EXERCISE DETAILS — Could you retype exactly the lines below between the one holding "Gamo Wiatrówka CFX" and the one holding "Shotgun Airsoft Cyma", inclusive, leaving out any pictures?

INFORMATION SUPPLIED —

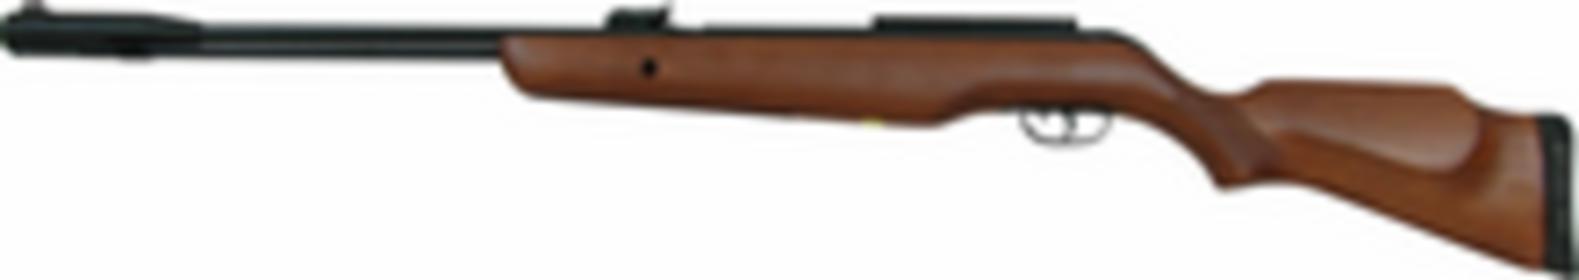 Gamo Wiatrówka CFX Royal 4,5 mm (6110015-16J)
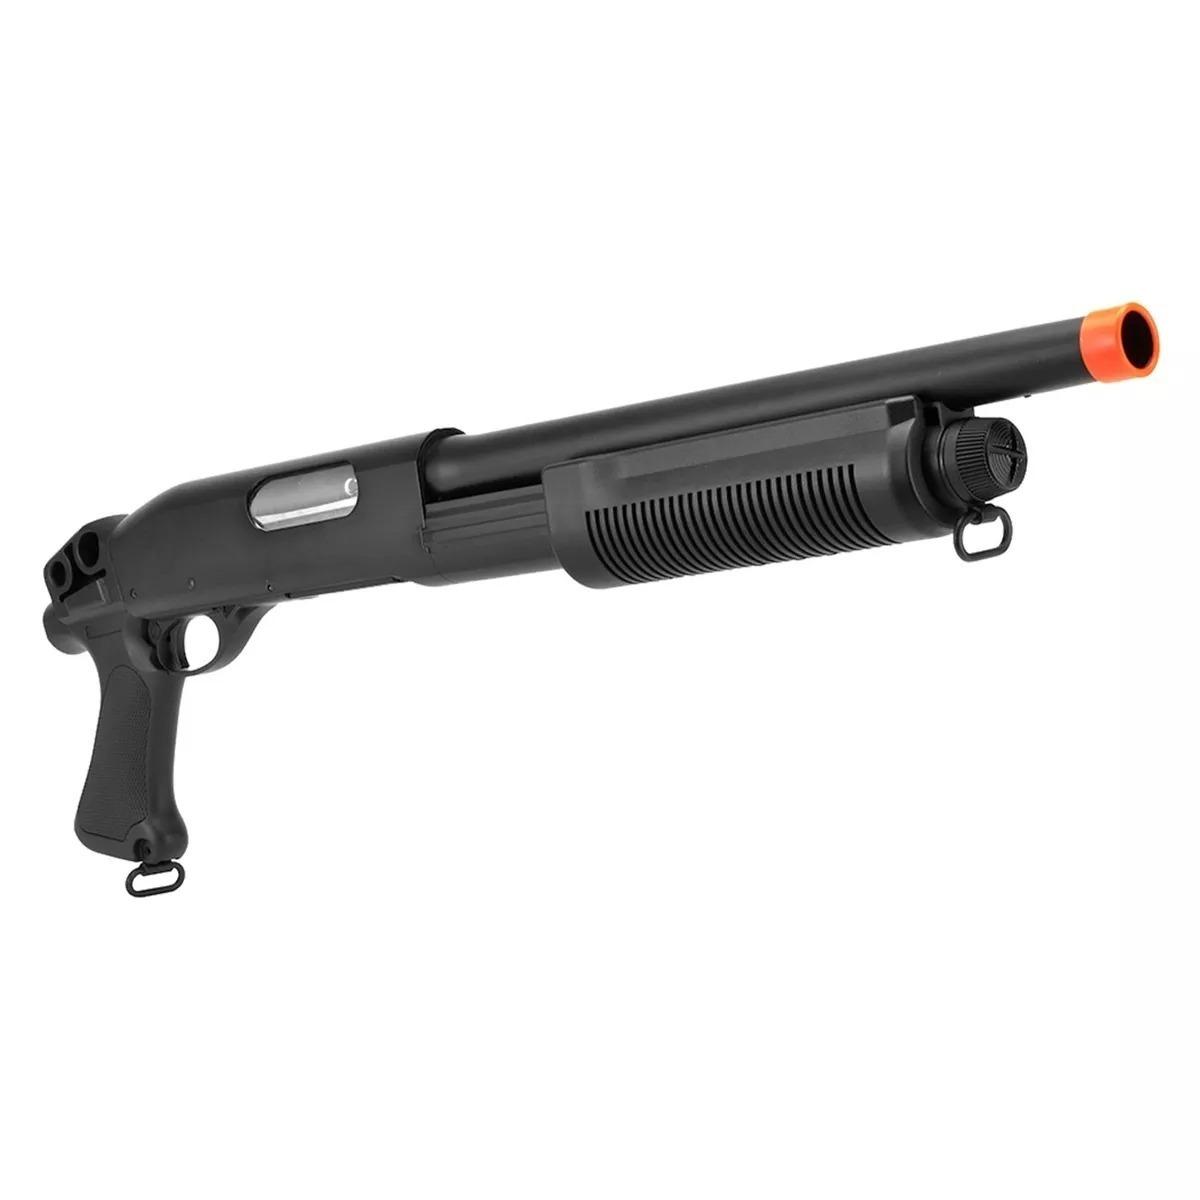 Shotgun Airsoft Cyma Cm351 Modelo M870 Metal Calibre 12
--
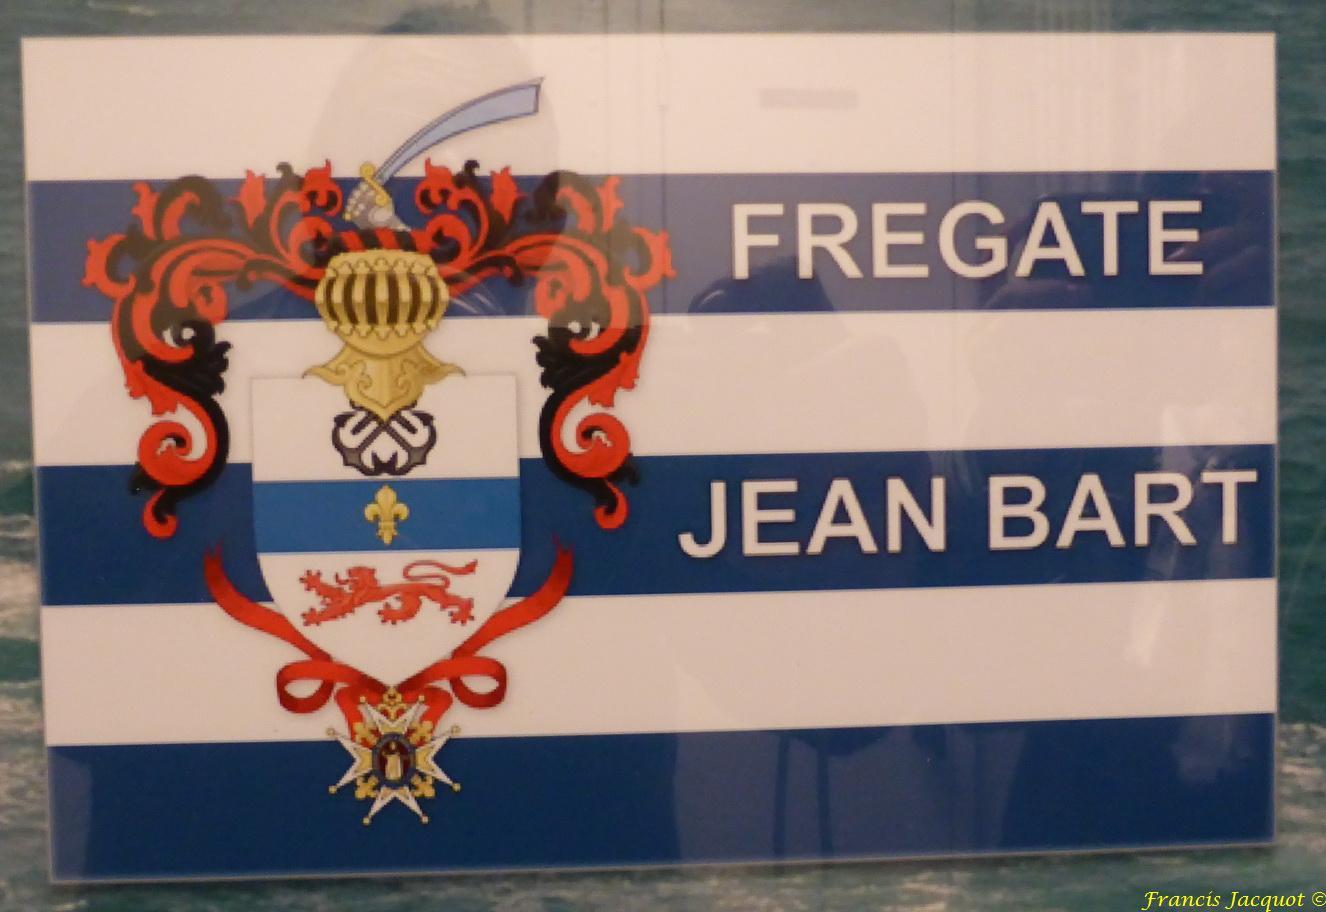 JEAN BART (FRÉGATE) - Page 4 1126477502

RESPONSE AREA —
 Gamo Wiatrówka CFX Royal 4,5 mm (6110015-16J)
 Shotgun Airsoft Cyma Cm351 Modelo M870 Metal Calibre 12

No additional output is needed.